That example fits a 5th degree polynomial to a sinusoidal sample.

## More Dimensions

I know how to perform a regression on one-dimensional input, but it would be cool to try adding a dimension. There’s no real extra coding involved (other than passing in an array of $x_i \in \mathbb{R}^n$ as opposed to $x_i \in \mathbb{R}^1$) but the hard part is actually showing the results…

#### 3D Visualization

I’m using this resource to try out 3D plotting in Matplotlib. I’m going to start by just making a scatterplot of the data, looking both at the observed temperature for each point’s day and the number of minutes since midnight:

It’s hard to see here, but it should form a tilted saddle shape.

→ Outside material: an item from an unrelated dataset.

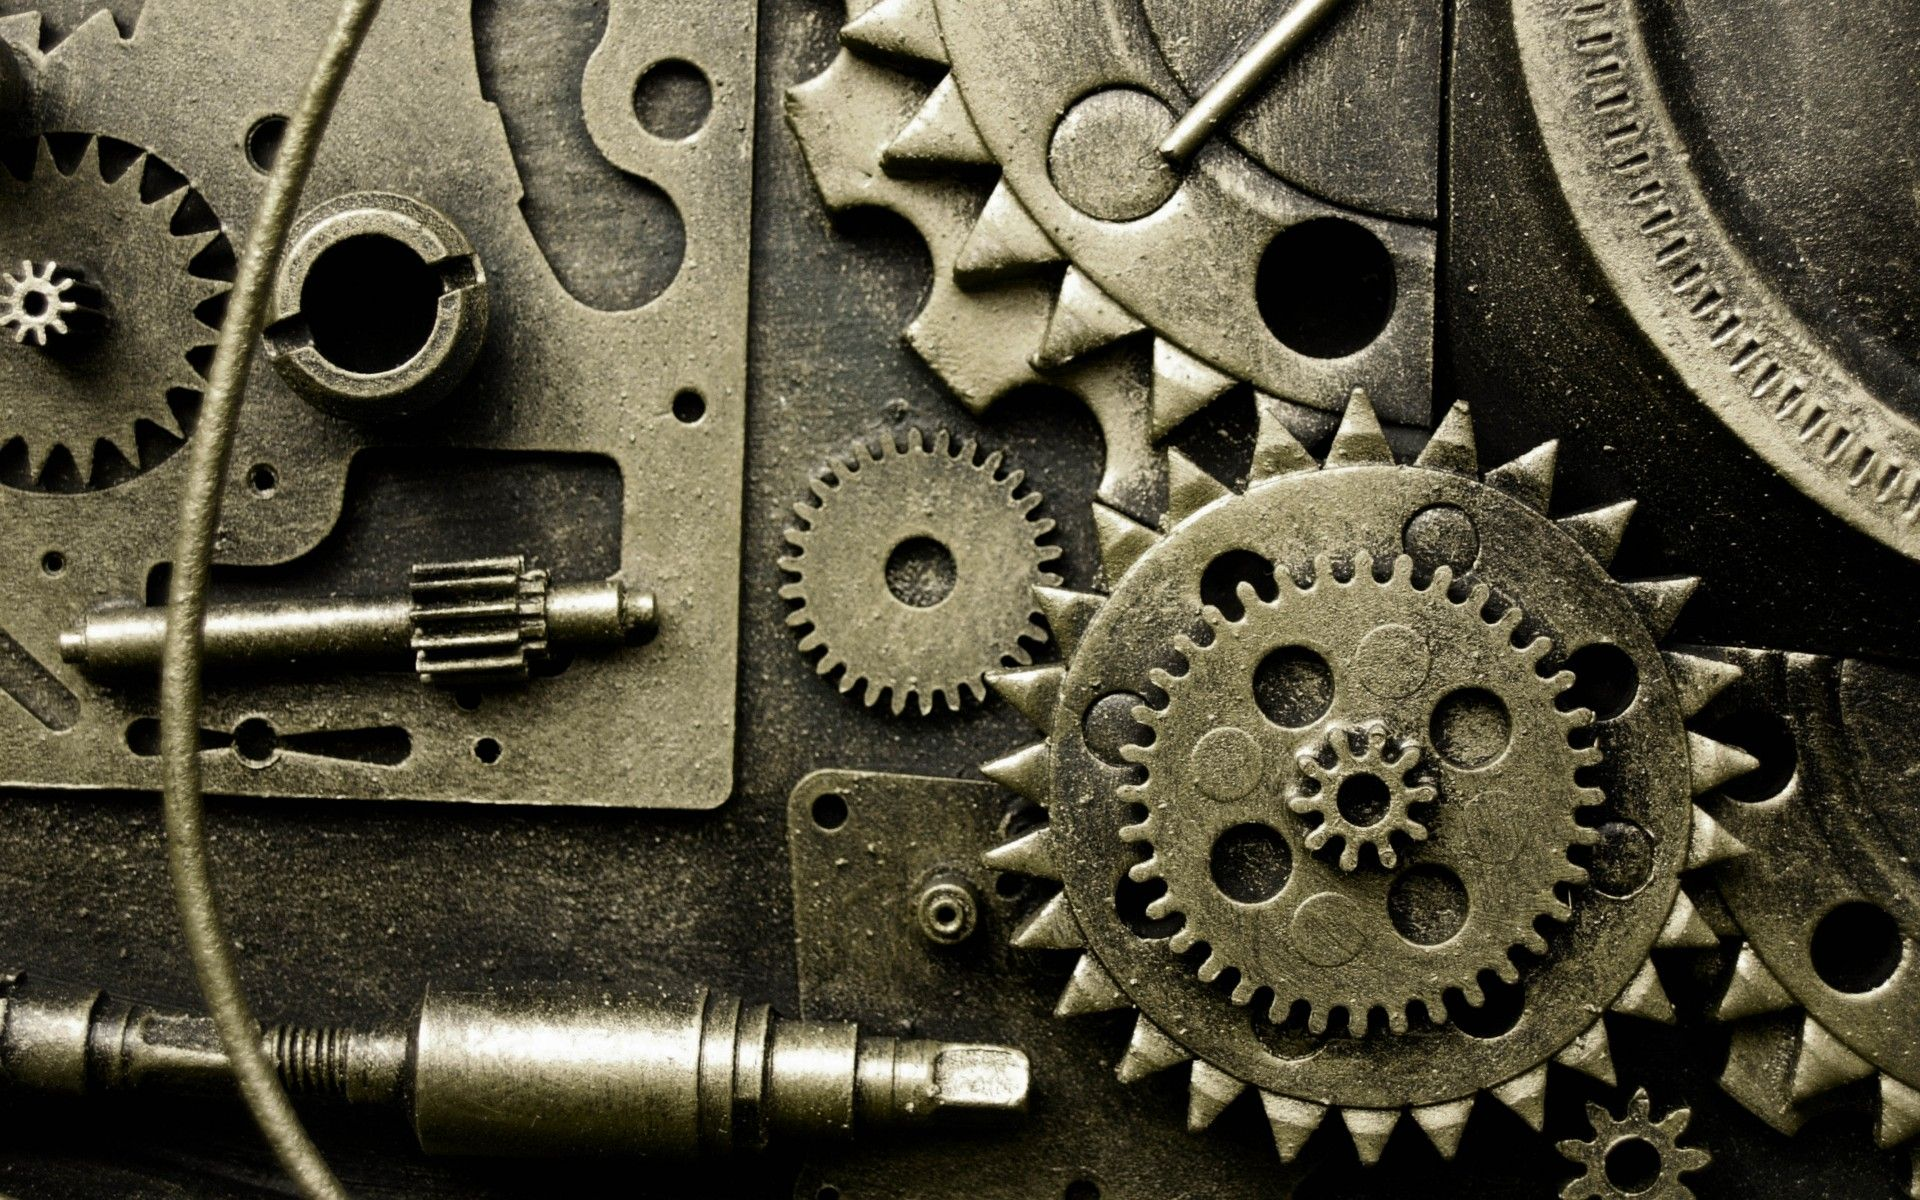 metal gears abstract machine pattern wallpaper | 1920x1200 | 53094

I got this far with the regression plot, but it’s definitely not right; it’s not accounting for changes in the y-axis. I’ve verified that the regression is working when changing the y variable, but I’m doing something wrong with the plotting process.

## Fixed!

I finally got the plot to display correctly. I don’t entirely understand how it works since I’m unfamiliar with the specifics of the

`numpy.meshgrid()`

and `Axes3D.plot_wireframe()`

methods. This post helped me figure out how to organize my Z-array. Visualization is not the most important part of this project so I suppose it’s not a big deal if I do a hack-job on the plotting scripts.
Anyways, you can see the saddle shape now. The red surface represents a least squares regression on 5th degree polynomial features of the data. I can now take a theoretical temperature and time input (and convert that to minutes since midnight) and return an estimated power usage. I could do this for as many input variables as I wanted now, but I wouldn’t be able to really visualize that nicely (I had a hard enough time plotting in 3D). Pretty cool!

## To do

I’m still using a basic linear regression technique for the estimator. I’m fine with using a polynomial for now, but I might want to look at other loss function options (e.g. LassoCV is a regularized linear estimator that has cross validation built in)